Looking for the old site?

How To

Browse By

  • Objective

  • Products

  • User Role

    How To
    Documentation
      Learn More

        Configure Spark Jobs to Access Cloud Storage

        For related topics, see Spark Operations.

        Supported jobs

        This procedure applies to Spark-based jobs:

        • ALS Recommender

        • Cluster Labeling

        • Co-occurrence Similarity

        • Collection Analysis

        • Create Seldon Core Model Deployment Job

        • Delete Seldon Core Model Deployment Job

        • Document Clustering

        • Ground Truth

        • Head/Tail Analysis

        • Item Similarity Recommender

        • Legacy Item Recommender

        • Legacy Item Similarity

        • Levenshtein Spell Checking

        • Logistic Regression Classifier Training

        • Matrix Decomposition-Based Query-Query Similarity

        • Outlier Detection

        • Parallel Bulk Loader

        • Parameterized SQL Aggregation

        • Phrase Extraction

        • Query-to-Query Session-Based Similarity

        • Query-to-Query Similarity

        • Random Forest Classifier Training

        • Ranking Metrics

        • SQL Aggregation

        • SQL-Based Experiment Metric (deprecated)
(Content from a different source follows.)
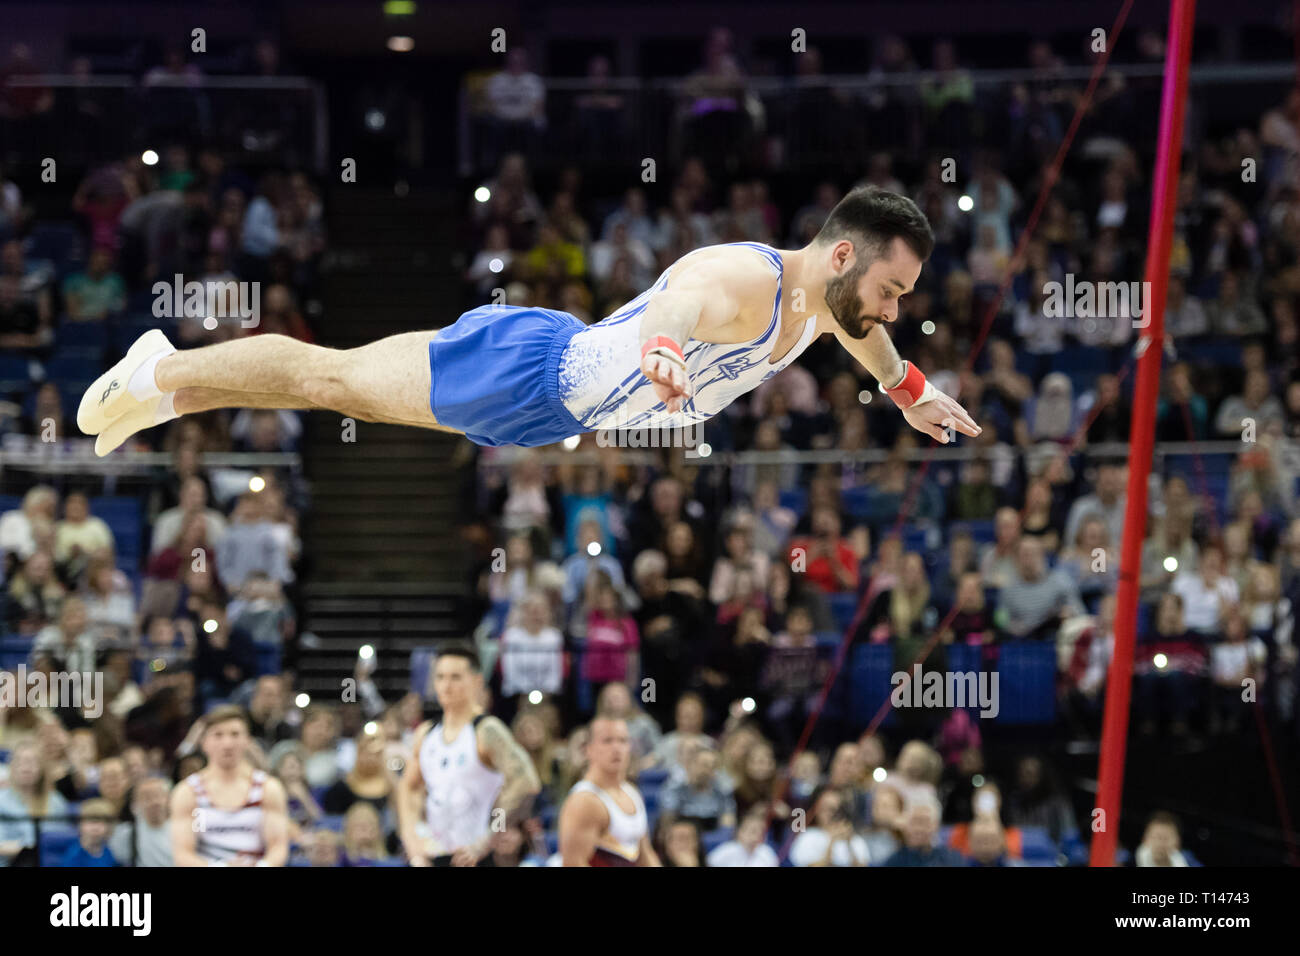 London, UK. 23rd March, 2019. James Hall performs Floor Exercise during the Matchroom Multisport presents the 2019 Superstars of Gymnastics at The O2 Arena on Saturday, 23 March 2019. LONDON ENGLAND. Credit: Taka G Wu/Alamy News Stock Photo

        • Statistically Interesting Phrases

        • Synonym Detection Jobs

        • Synonym and Similar Queries Detection Jobs

        • Token and Phrase Spell Correction

        • Word2Vec Model Training

        AWS/GCS credentials can be configured per job or per cluster.

        Configuring GCS credentials for Spark jobs

        1. Create a secret containing the credentials JSON file.

          See https://cloud.google.com/iam/docs/creating-managing-service-account-keys on how to create service account JSON files.

          kubectl create secret generic solr-dev-gc-serviceaccount-key --from-file=/Users/kiranchitturi/creds/solr-dev-gc-serviceaccount-key.json
        2. Create an extra config map in Kubernetes setting the required properties for GCP.

          1. Create a properties file with GCP properties:

            $ cat gcp-launcher.properties
            spark.kubernetes.driverEnv.GOOGLE_APPLICATION_CREDENTIALS = /mnt/gcp-secrets/solr-dev-gc-serviceaccount-key.json
            spark.kubernetes.driver.secrets.solr-dev-gc-serviceaccount-key = /mnt/gcp-secrets
            spark.kubernetes.executor.secrets.solr-dev-gc-serviceaccount-key = /mnt/gcp-secrets
            spark.executorEnv.GOOGLE_APPLICATION_CREDENTIALS = /mnt/gcp-secrets/solr-dev-gc-serviceaccount-key.json
            spark.hadoop.google.cloud.auth.service.account.json.keyfile = /mnt/gcp-secrets/solr-dev-gc-serviceaccount-key.json
          2. Create a config map based on the properties file:

            kubectl create configmap gcp-launcher --from-file=gcp-launcher.properties
        3. Add the gcp-launcher config map to values.yaml under job-launcher:

          configSources: gcp-launcher

        Configuring S3 credentials for Spark jobs

        AWS credentials can’t be set via a single file. So, we have to set two environment variables referring to the key and secret.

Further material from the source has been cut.